Immunoprecipitation (IP) is a frequently used method for purifying specific proteins from complex samples such as cell lysates or extracts by using specific antibodies. Traditional IP protocols use Protein A, Protein G, Protein A/G, or Protein L coupled to an insoluble resin, such as agarose beads, to capture an antigen:antibody complex in solution. The complex is then recovered by centrifugation and boiling the complex with some denaturing buffer (e.g. Laemmeli buffer). Limitations of traditional IP include sample handling and processing difficulties, the inability to release native antigen from the beads for functional assays, poor reproducibility and recovery due to multiple wash steps.
The Catch and Release v2.0 kit from Upstate/Millipore overcomes many of the above limitations of traditional IP. Due to the use of spin columns, the IP procedure is faster and easier to perform, and more reproducible. The kit also enables the elution of the antigen:antibody complex without denaturation which allows for additional downstream applications.
The kit comes in different sizes, for 5 and 50 IP procedures. The kit contains all the required materials like wash buffer, antibody capture affinity ligand, to ensure binding of the capturing antibody to the resin contained in the included spin columns. Also included are capture tubes and denaturing (beta-mercaptoethanol needs to added) and non-denaturing elution buffer. The included protocol booklet is very detailed, includes a protocol for an immunoprecipitation kinase assay, and a great technical support and troubleshooting section.
In my hands, the kit was used for various routine IPs with different capture antibodies. While using the kit, some downsides were recognized. The use of chicken antibodies or human antibodies is not recommended. In regards to the chicken antibodies, a traditional approach using agarose coupled to goat anti-chicken antibodies was used instead (Millipore 2185).
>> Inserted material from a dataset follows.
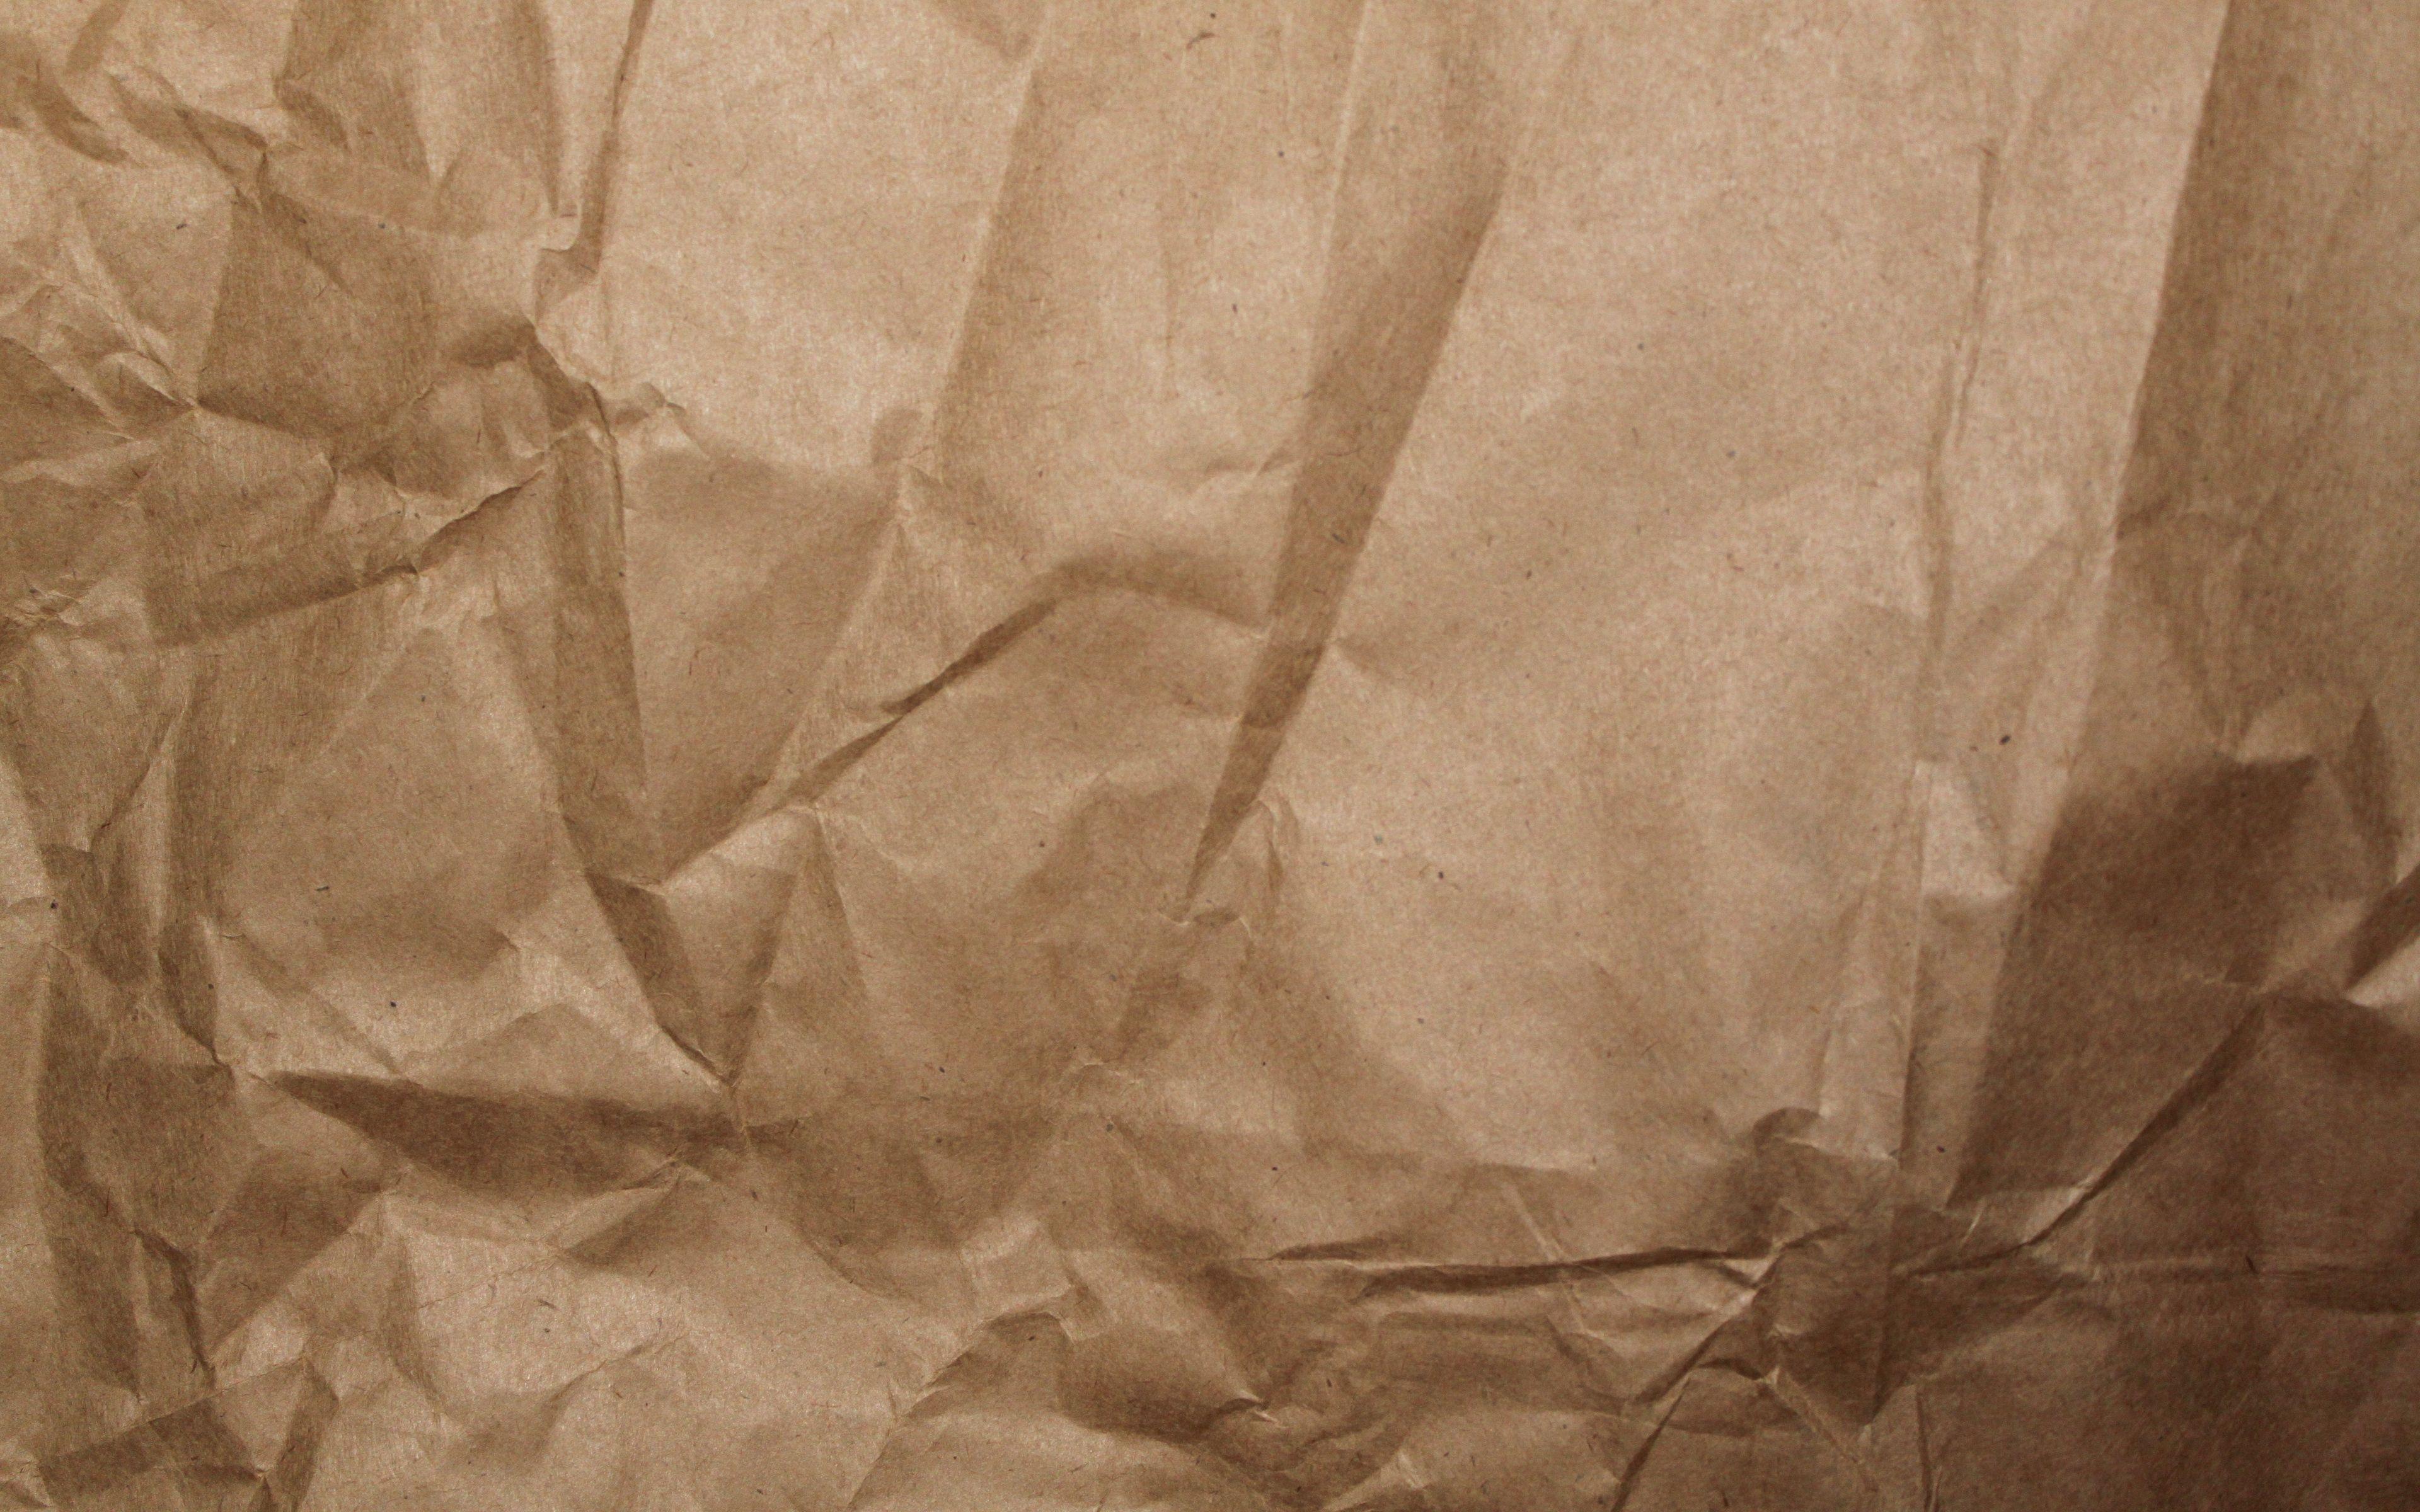 4k纹理素材无水印壁纸图

As for all methods using antibodies, the incubation time and the antibody concentration needs to be tested empirically by the user. The protocol is very easy to follow. The spin columns get centrifuged to remove the resin slurry buffer. After some washes the bottom of the spin column gets plugged using the snap-off bottom plug. A total of 500 ul of reaction volume containing the cell lysate, antibody, affinity ligand, and wash buffer are added to the spin column. The top of the column gets capped and the mixture is incubated. After the designated incubation period the fluid gets spun out, and the column is repeatedly washed. The proteins may then be eluted using either the denaturing buffer or the non-denaturing buffer to recover the proteins in their native form.
This is a great and easy to use IP kit, offering flexibility on the elution buffer front, and good reproducibility due to the use of spin columns and therefore, standardized wash and elution steps.